The company is offering to raise $463,000 through an offering memorandum consisting of up to 9.26 million common shares at a price of five cents per common share. The company has $100,000 on hand from an earlier private placement consisting of two million common shares at a price of five cents per common share. The private placements will have applicable hold periods and are subject to receipt of exchange approval. Assuming the maximum offering is completed, the financing arrangements are as follows:

NET PROCEEDS AND AVAILABLE FUNDS

Assuming Assuming
min max
offering offering
Amount to be raised
by this offering $331,000 $563,000

Amount received
from earlier
placement $100,000 $100,000

Selling commissions
and fees nil n/a (1)

Estimated offering
costs (eg. legal,
accounting, audit.) $10,000 $10,000

Net proceeds:
D = A - (B + C) ($421,000) $553,000

1. The company has agreed to pay a fee of 7.5% of funds raised by registered representatives in shares of the Company at a deemed price of $0.05 per share.

Use of available funds

The available funds will be used as follows:

Description of Assuming Assuming
intended use of min max
available funds offering offering
listed in
order of priority

To settle
accounts payable $60,204 $60,204

Phase one work
program TL
property $208,498 (1)$208,498

Phase One work
program Little
River property $102,210 (2)$102,210

General corporate
purposes $50,088 $182,088

Total $421,000 $553,000

Nortec needs the financing of $563,000, consisting of the two private placements described above, to close to allow the company sufficient working capital to meet the minimum listing requirements as well as to fulfil the work expenditure obligations and option payments on the TL property and the Little River property.

Disclosure

There is no direct or indirect beneficial interest of any of the non-arm's-length parties to the CPC in the proposed significant assets. The non-arm's-length parties, insiders, associates, affiliated entities and other related parties are also not expected to receive any beneficial interest, direct, indirect or pro rata, as a consequence of the transaction.

Previous attempted qualifying transactions

In November, 2002, Nortec, on the recommendation of the board of directors, terminated the proposal to acquire worldwide distribution rights to Cast365, a software based on multicasting technology, together with certain related tangible assets (Cast365) from EGC&C Co. Ltd. of Korea.

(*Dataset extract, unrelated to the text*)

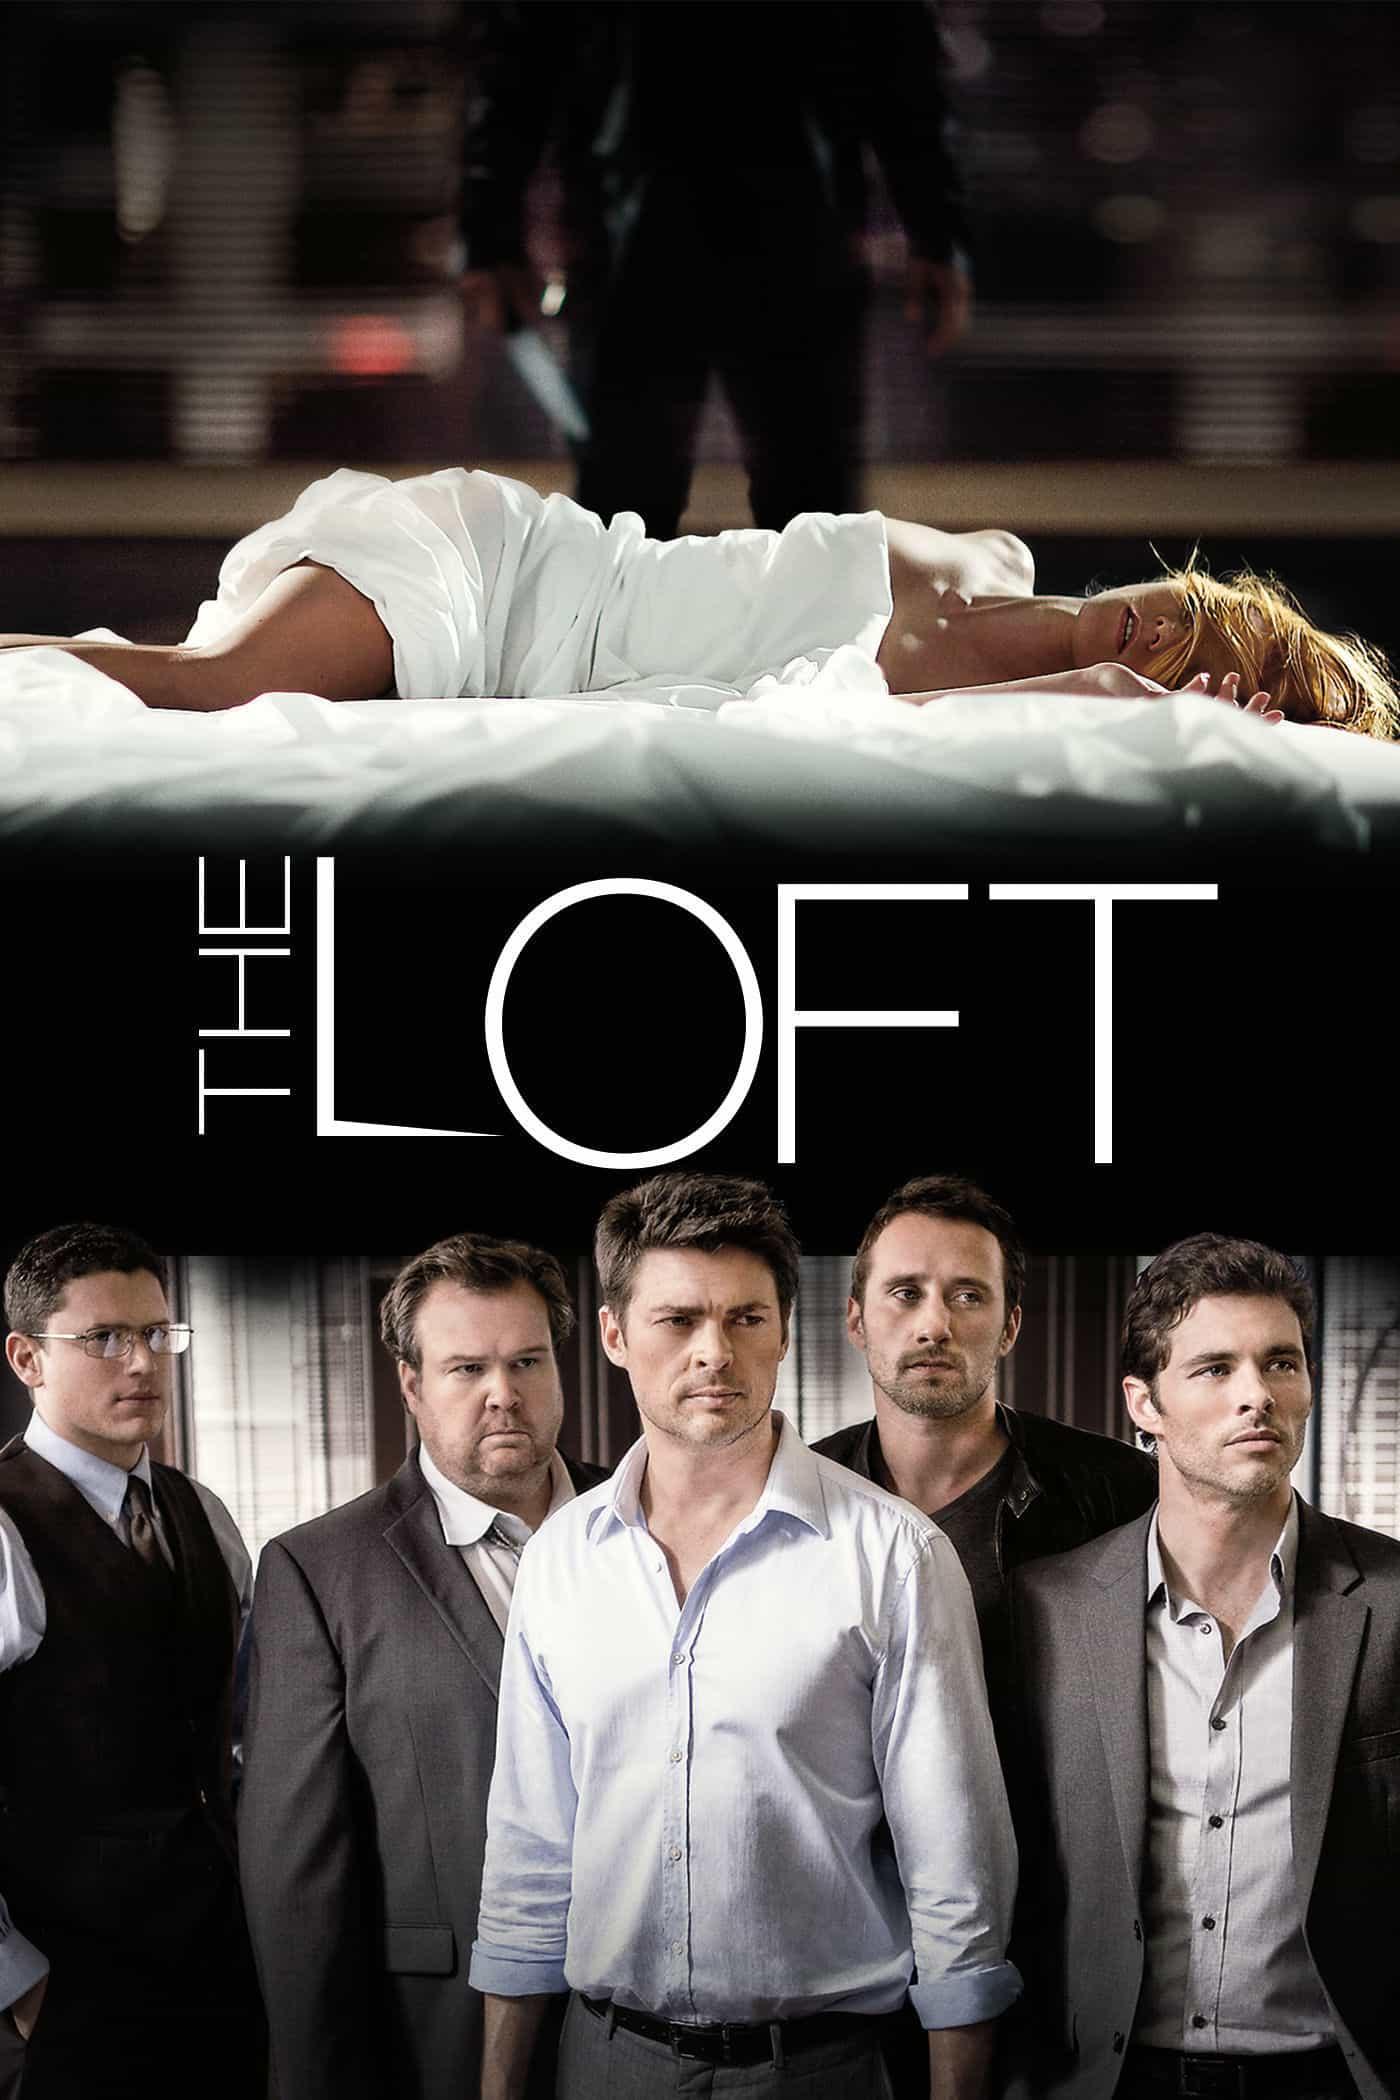 The Loft, 2014
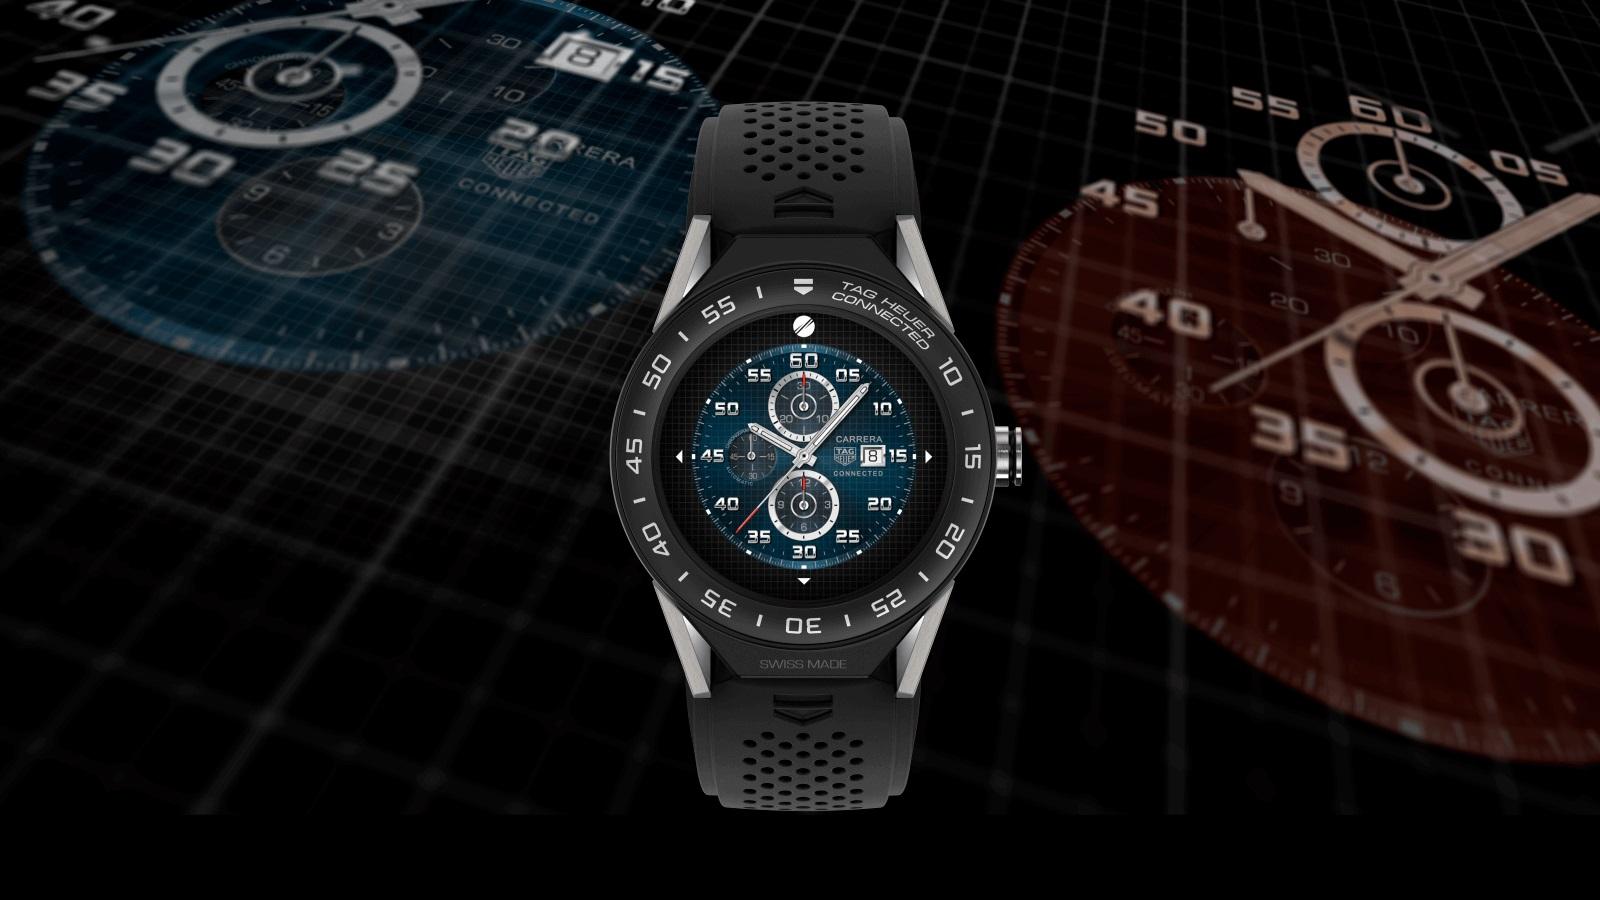 525a83faeef Tag Heuer anuncia smartwatch modular de luxo com Android Wear e ...

Further to the news in Stockwatch dated Sept. 19, 2001, Jan. 29, 2002, and July 10, 2002, an agreement between the Nortec and EGC&C was reached Sept. 11, 2001. The closing date of the qualifying transaction was extended to June 30, 2002. The parties have not reached mutually acceptable terms with regard to an amendment of the agreement to further extend the closing date.

The company withdrew its application to the TSX Venture Exchange for the acquisition of Cast365. No funds related to this transaction were advanced to EGC&C.